▶ _YOUR OBJECTIVE_: Here the job is to transcribe only the lines from the one containing "Fullmetal Alchemist Roy" through the last line below, exactly as written; please leave out pictures.

DATASET CONTENT Block Start

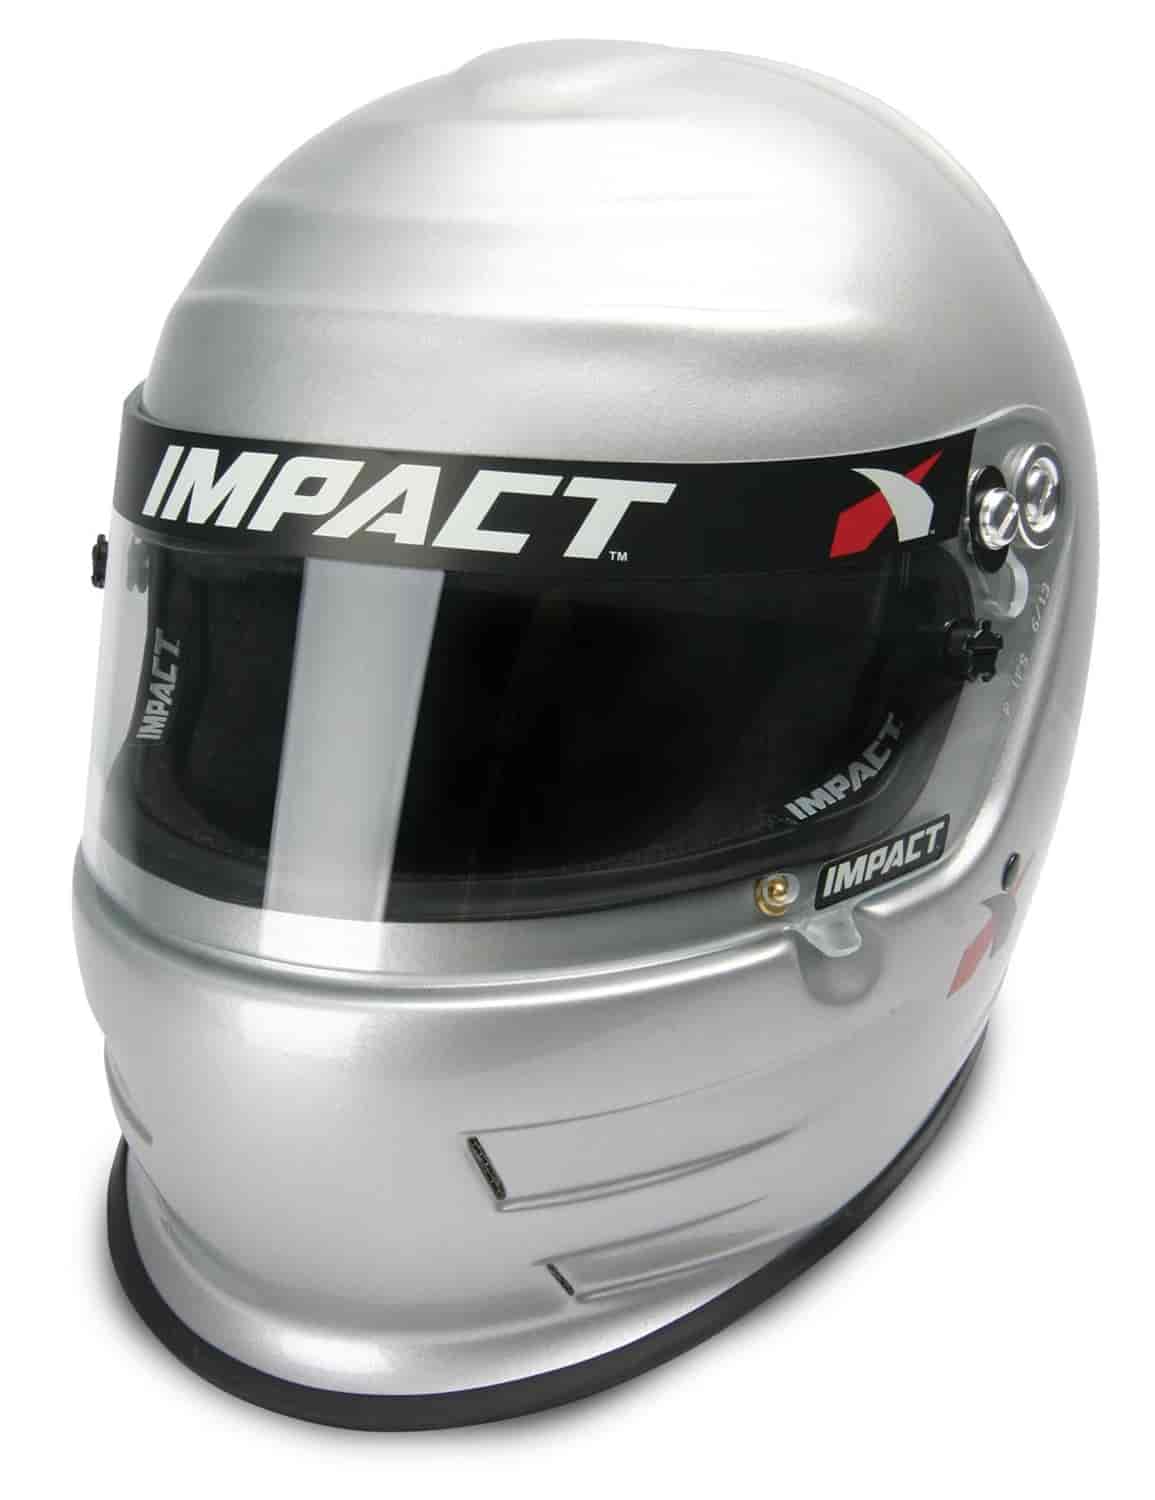 Helmet - Vapor 2014 SNELL15 XXL Silver
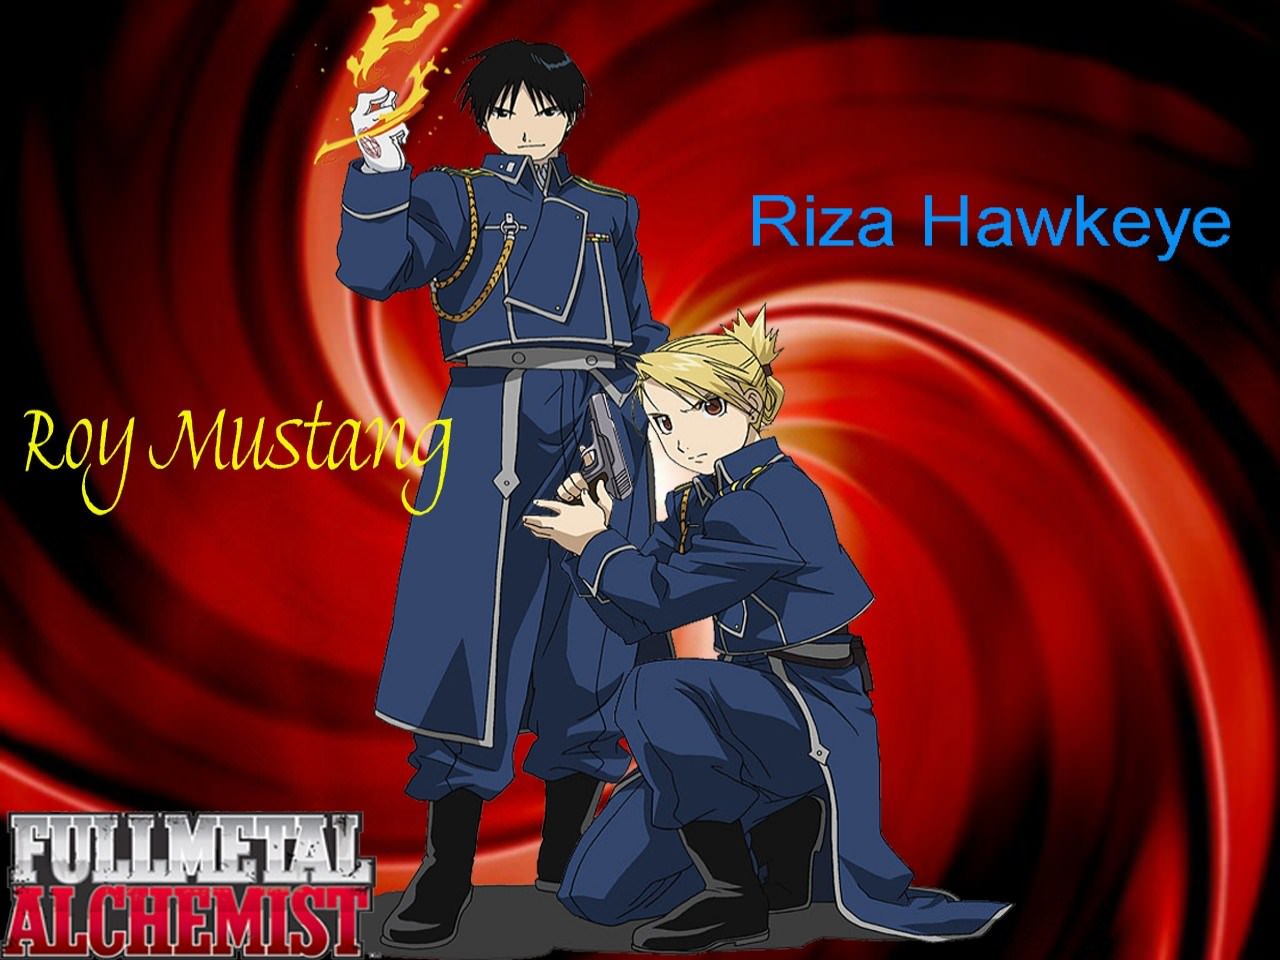 Fullmetal Alchemist Roy Mustang & Riza Hawkeye
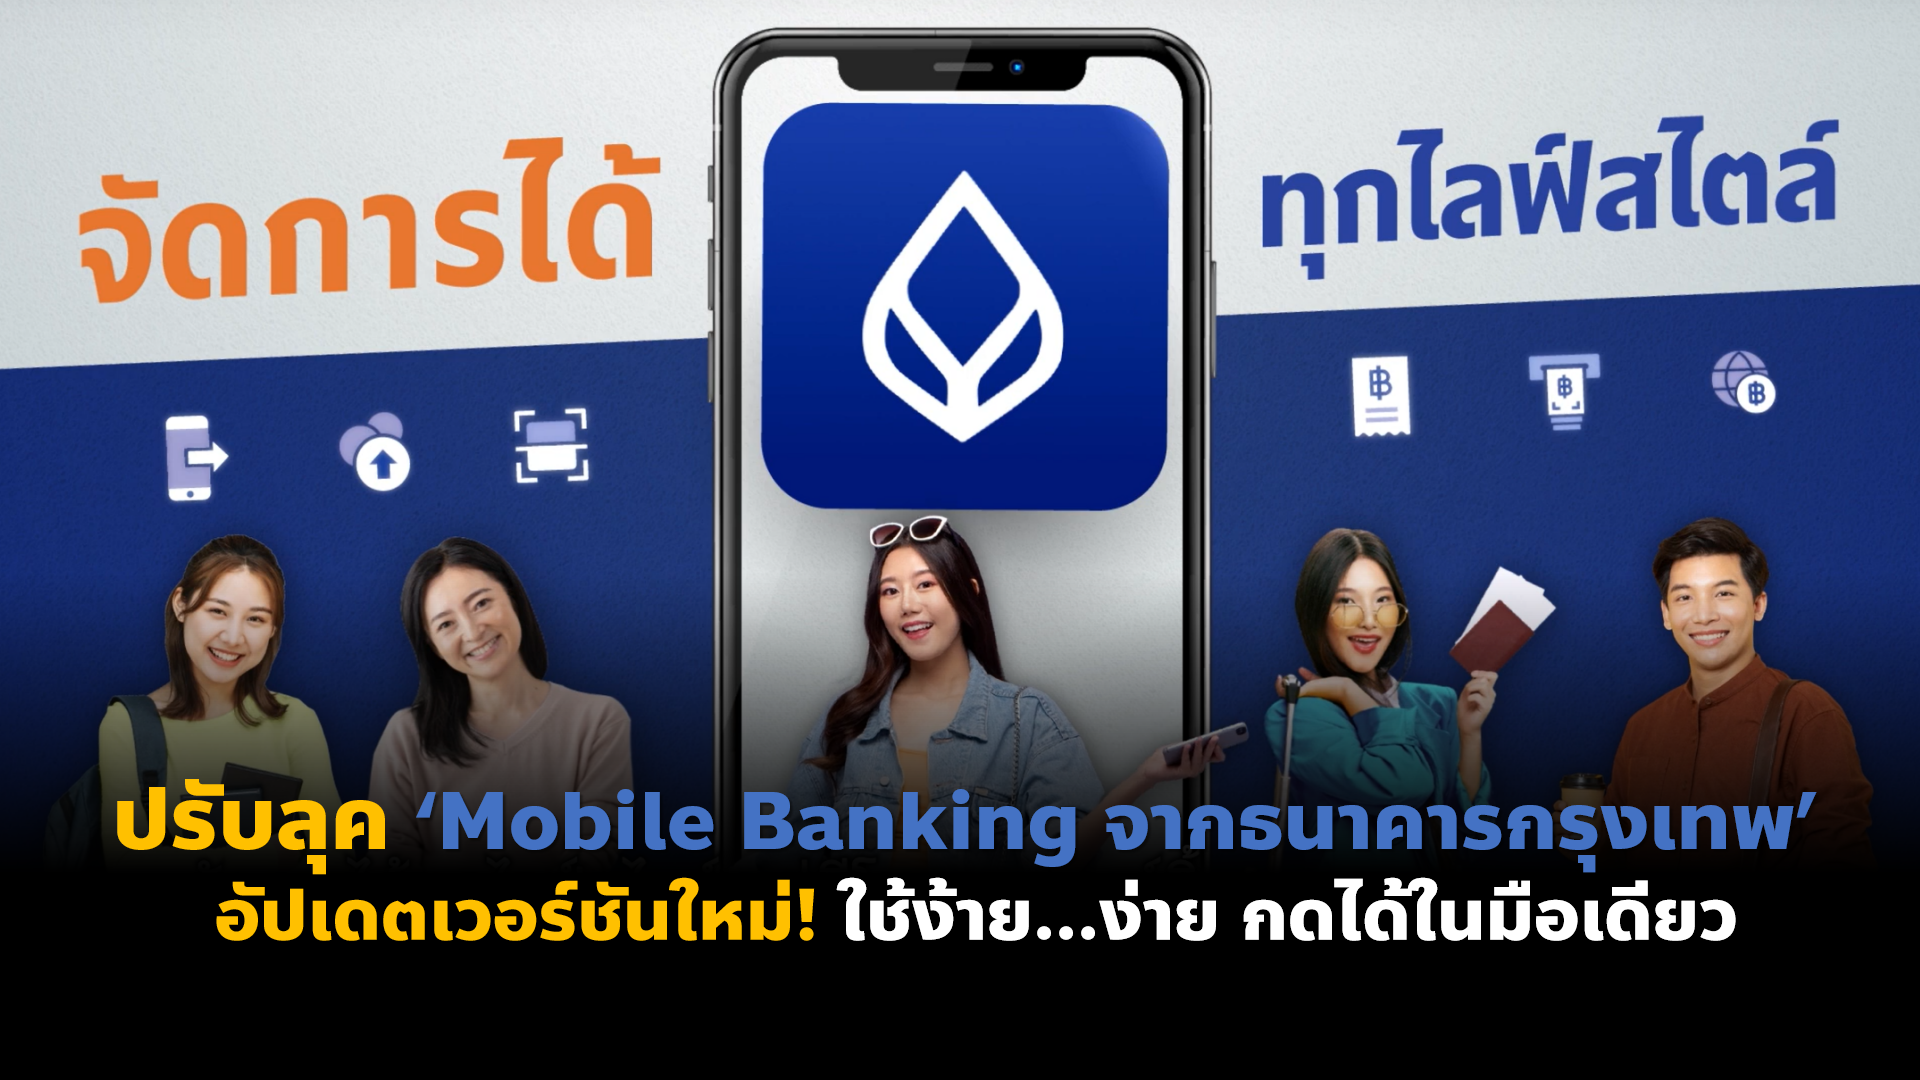 ปรับลุค ‘Mobile Banking จาก ธนาคารกรุงเทพ’ อัปเดตเวอร์ชันใหม่! ใช้ง้าย…ง่าย กดได้ในมือเดียว
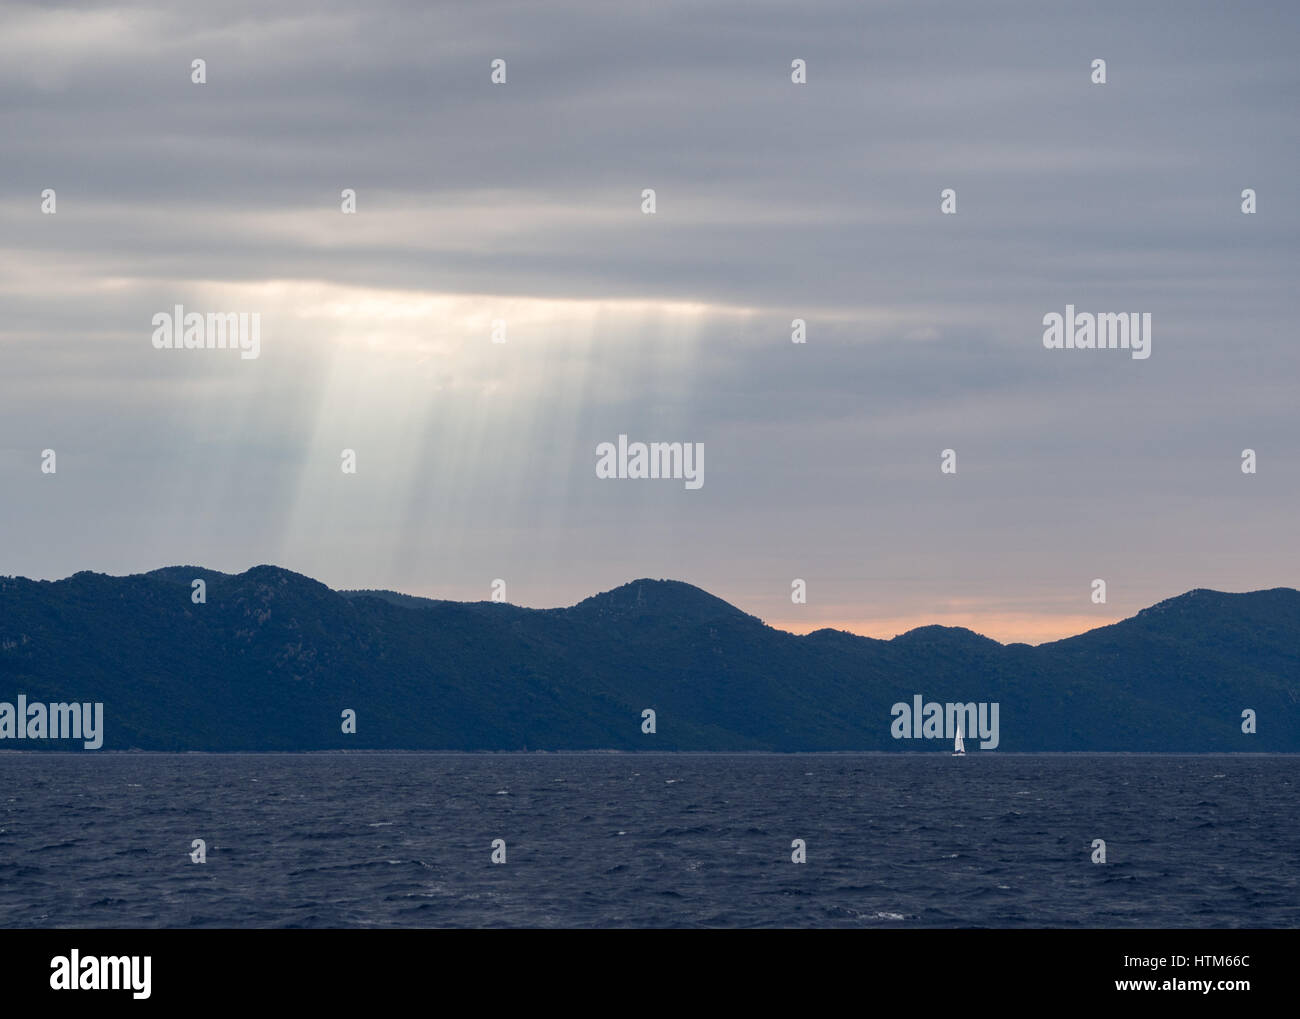 Les rayons du soleil brillant à travers les nuages sombres orageux au-dessus d'une silhouette de collines et montagnes randonnée au coucher du soleil avec location sur mer océan, Croatie Banque D'Images

DATASET CONTENT Block End

▶ _RESPONSE TO THIS TASK_:
 Fullmetal Alchemist Roy Mustang & Riza Hawkeye
 ปรับลุค ‘Mobile Banking จาก ธนาคารกรุงเทพ’ อัปเดตเวอร์ชันใหม่! ใช้ง้าย…ง่าย กดได้ในมือเดียว
 Les rayons du soleil brillant à travers les nuages sombres orageux au-dessus d'une silhouette de collines et montagnes randonnée au coucher du soleil avec location sur mer océan, Croatie Banque D'Images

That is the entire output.